IGNACIO CAMACHO-ABC

  • Bajo el romanticismo melodramático de ‘Casablanca’ hay un mensaje ético de compromiso, patriotismo y desprendimiento

Va a cumplir ochenta tacos y luce con ese esplendor intacto de la belleza que brota del fondo del alma. Ni las arrugas de la edad, ni las brumas de la distancia, ni los cambios de paradigmas estéticos y culturales han desgastado el brillo y la grandeza de ‘Casablanca’, obra maestra cuyo secreto de inmortalidad reside en el vértigo de su sentimentalidad espontánea y en la acumulación feliz de hallazgos intuitivos, casuales, impremeditados, que la rodean de una pátina de perfección casi involuntaria y consiguen cuajar esa atmósfera de magia irrepetible, certera, redonda, acabada, capaz de otorgar a una creación artística la condición de clásica. Aunque sea un melodrama.

Todo en esta película imperecedera tiene en realidad un aire improvisado.

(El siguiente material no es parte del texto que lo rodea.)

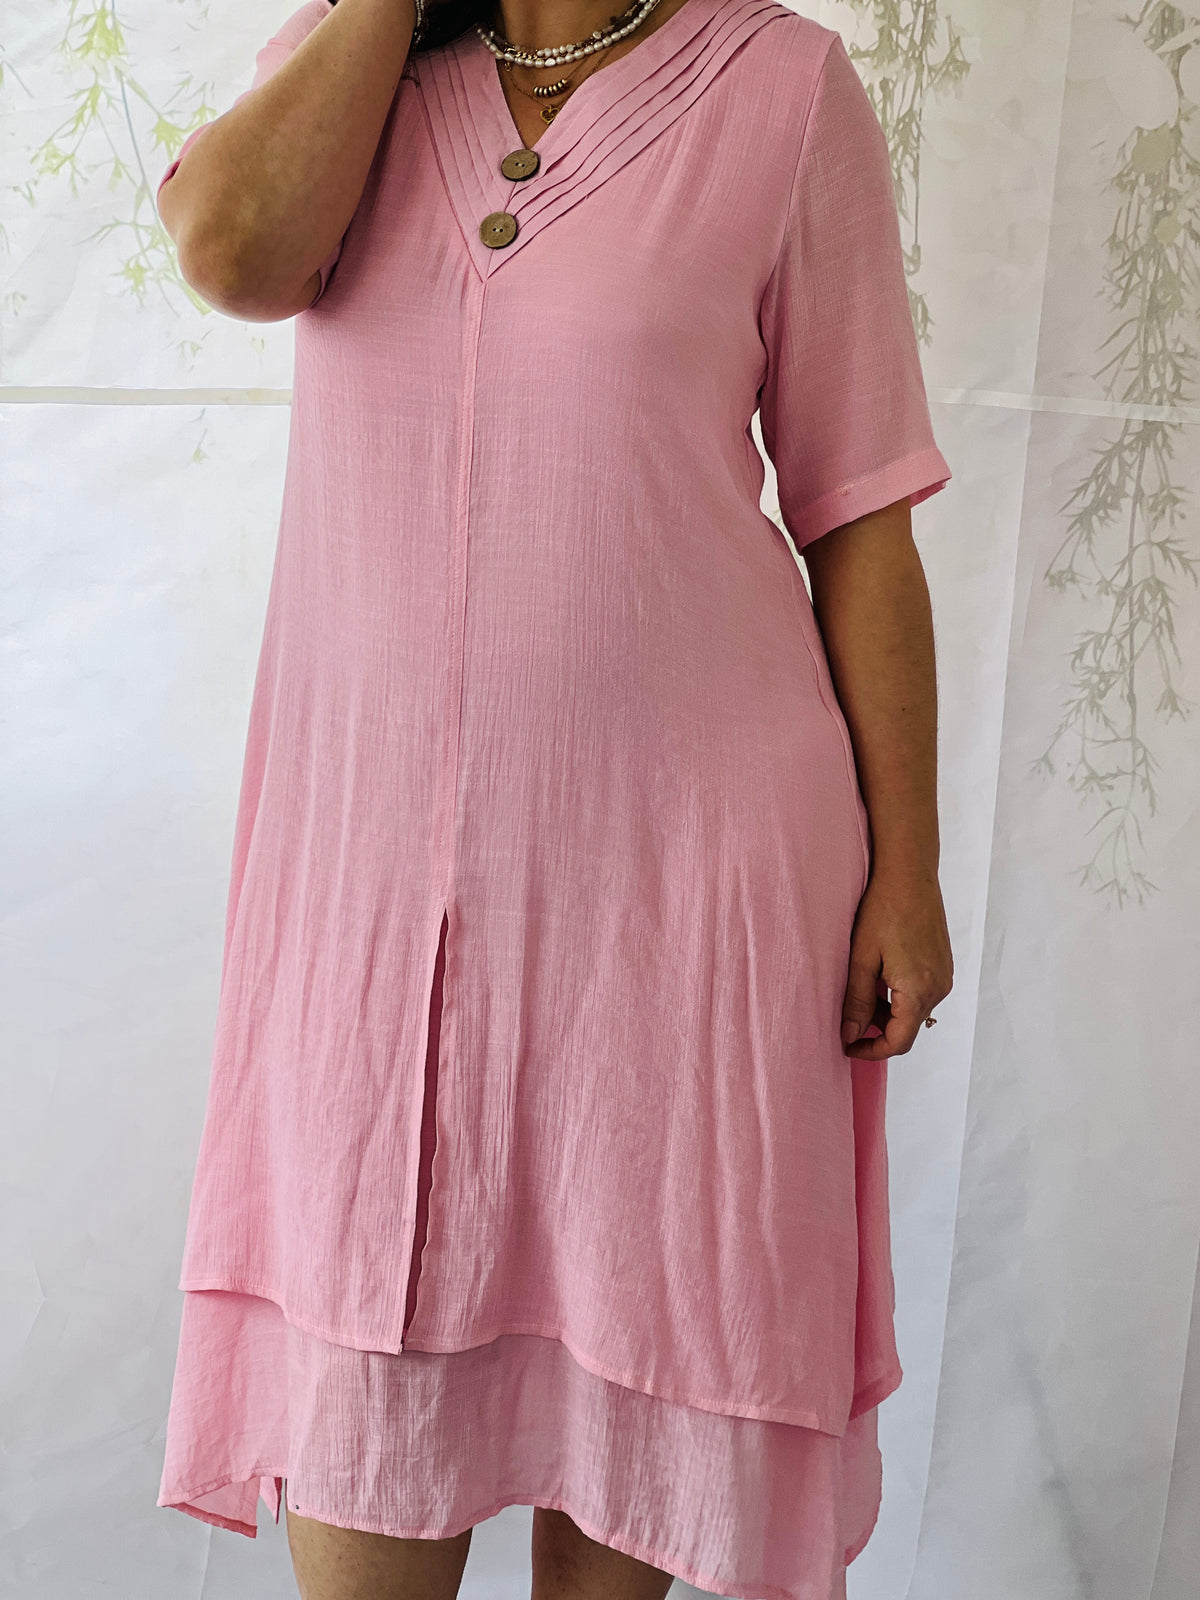 Oxley Pink Layering Dress

Pensada como una producción rutinaria, de repertorio, para cubrir la cuota contractual de unos estudios californianos obligados incluso a reaprovechar decorados con tal de presentar en plena guerra varias decenas de estrenos al año, se convirtió en leyenda gracias a la inspiración de unos actores en estado de gracia y de unos guionistas iluminados –probablemente por iluminación etílica– a la hora de estructurar el relato a base de rescribir sobre la marcha los diálogos. El resultado, quizá fortuito, fue un prodigio de fluidez narrativa envuelto en un halo de hechizo, una acumulación de aciertos conceptuales, de frases fulgurantes y de duelos interpretativos que han acabado proyectándose en la modernidad con el poder de sugestión que caracteriza a los mitos.

Y luego está, como imparable vector de fuerza, el espíritu romántico que sirve de trasfondo –en el apogeo de la gran masacre bélica– a un mensaje de vigor ético. Bajo la apariencia de cinismo pragmático de Bogart late una encarnadura moral de compromiso, patriotismo y desprendimiento; la construcción del personaje remite al prototipo de héroe del ‘western’ con un pasado oculto en una nube de misterio y un presente de superviviente escéptico, pero el truco que embruja el guion consiste en la caída de esa máscara de ambigüedad e indiferencia en un desenlace de sacrificio quijotesco. El giro desde la trama de amor, juego, espionaje y recuerdos hacia un final redentor de nobleza idealista es un rasgo de genio que se puede ver mil veces sin dejar de sentir el cosquilleo de un encanto inmarcesible, eterno.

La gran virtud de ‘Casablanca’ es que por más que se revisite no falla nunca porque trata, con una mezcla de emoción, ironía y elegancia, de causas, pasiones, sueños y valores que no caducan. La lealtad, el desamor, la culpa, la amistad, el azar, la muerte, la aventura. Pero aun si todo eso no bastase, queda la música. La partitura imborrable que habla de canciones de amor y luz de luna. La que vence al tiempo y despeja la duda de que Ilsa y Rick permanecerán siempre juntos en la memoria más allá de la espera, la traición y la renuncia.